The mass of the object *is* the total energy of the system; at least, it is if mass is defined in a consistent way (as the externally measured mass, obtained by putting objects in orbit about the body at a large distance, measuring the distance and the orbital period, and applying Kepler's Third Law).
As I understand it, the intent of the calculations is to study the static equilibrium states as a function of total energy (which is the same as the externally measured mass, see above), without specifying exactly *how* the system goes from one static equilibrium state at a given total energy, to another at a slightly different total energy. The key is that the total energy is specified "at infinity" (which in practice means "as measured far away", using the procedure I described above). I don't think any specific assumptions are made about how the total energy of the system is partitioned internally--how much of it is rest mass of the parts, how much is internal kinetic energy, i.e., temperature, and so on.
I think I agree with this, but I would have to do more digging into the details of how degeneracy pressure works to be sure. For the purposes of this discussion I'm fine with taking the above as correct.

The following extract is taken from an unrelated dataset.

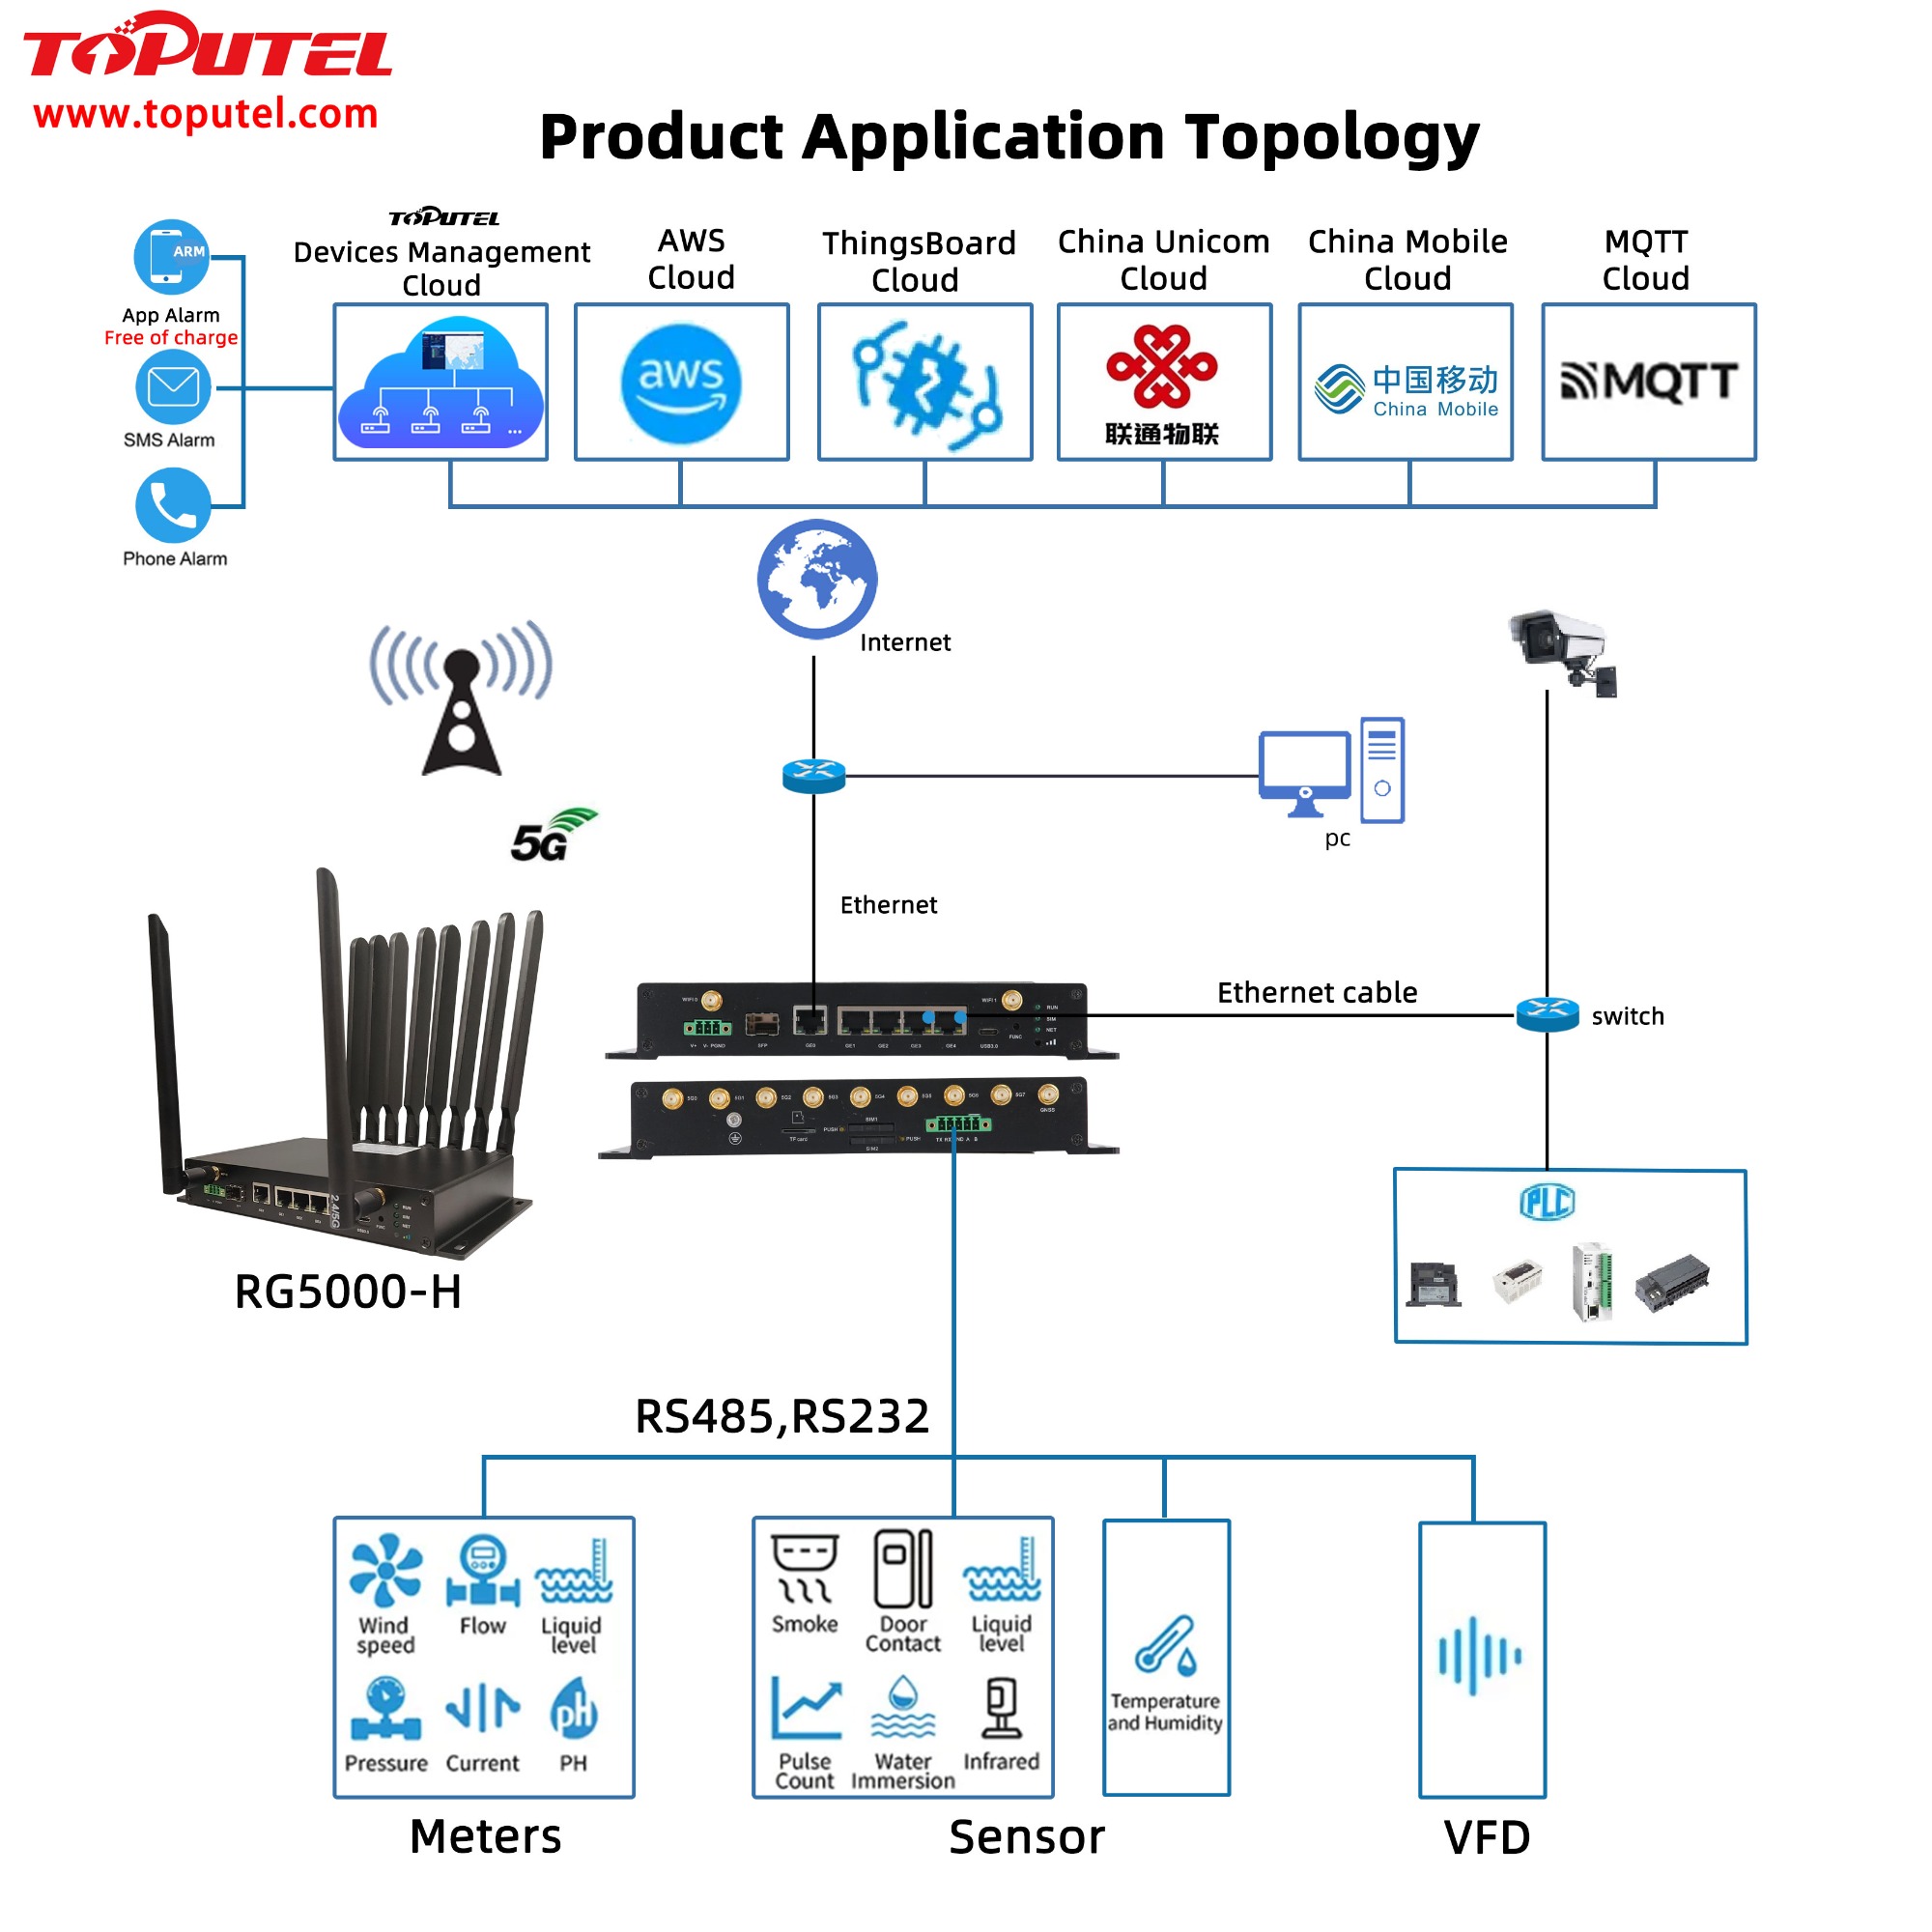 5G Industrial Router RG5000-H  product application topology diagram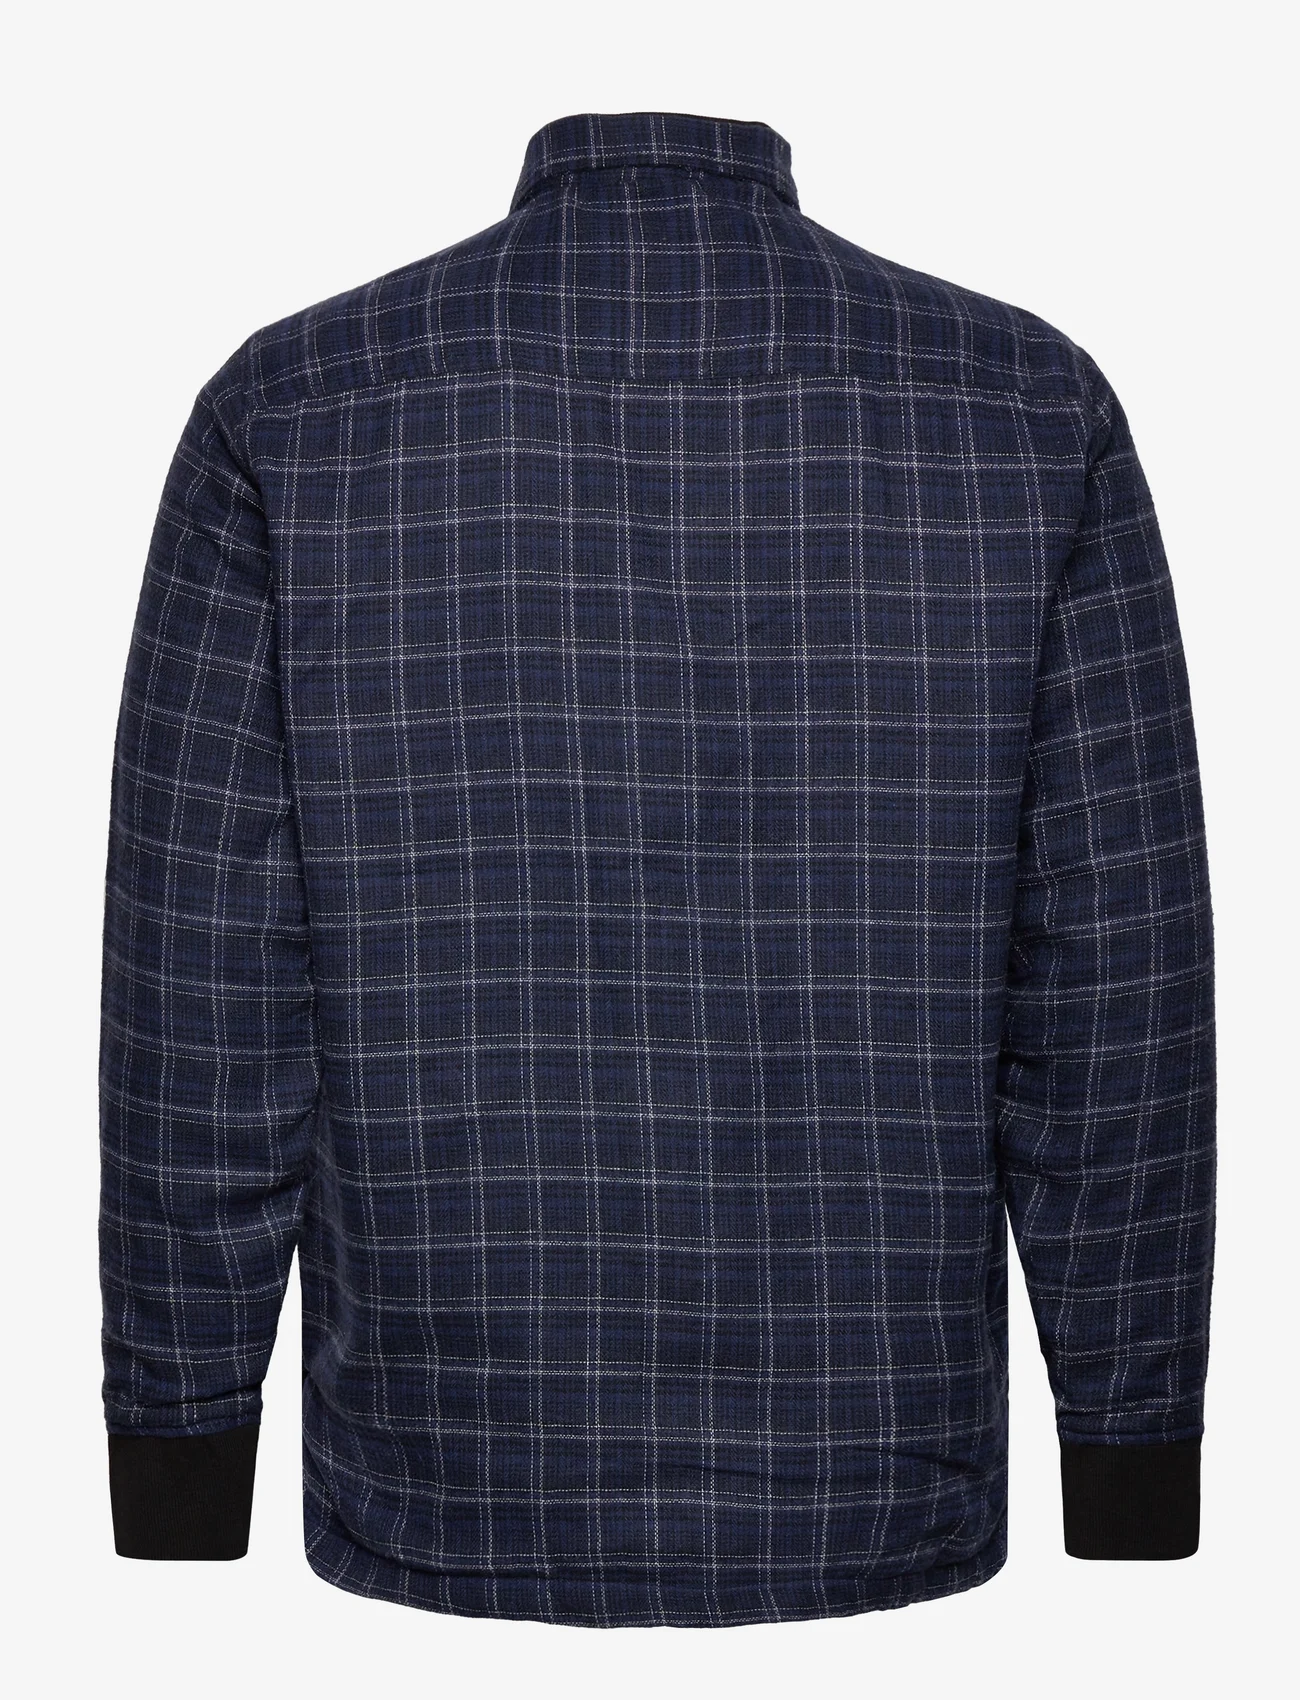 Kronstadt - Ramon Flannel check 07 quilted overshirt - vyrams - navy - 1

As I noted above, I don't think the static equilibrium models go into this level of detail about how the system's total energy is partitioned internally. I understand what you're saying, but remember that, in relativity, energy and mass are different forms of the same thing; the energy that is added by compression, when the object is composed of degenerate matter, could just as well be taken up by nuclear reactions inside the object that effectively "store" that energy as the rest mass of newly created particles. That's basically what happens with neutron stars: the protons and electrons from atoms are forced by pressure to combine into neutrons, and the rest mass of a neutron is *more* than the rest mass of a proton and electron combined, so effectively the energy from the compression is being stored as rest mass. All this can happen without changing the temperature at all. But, as I said, I don't think the models that are predicting the overall equilibrium states go to this level of detail; they just adopt an overall equation of state for the matter making up the object.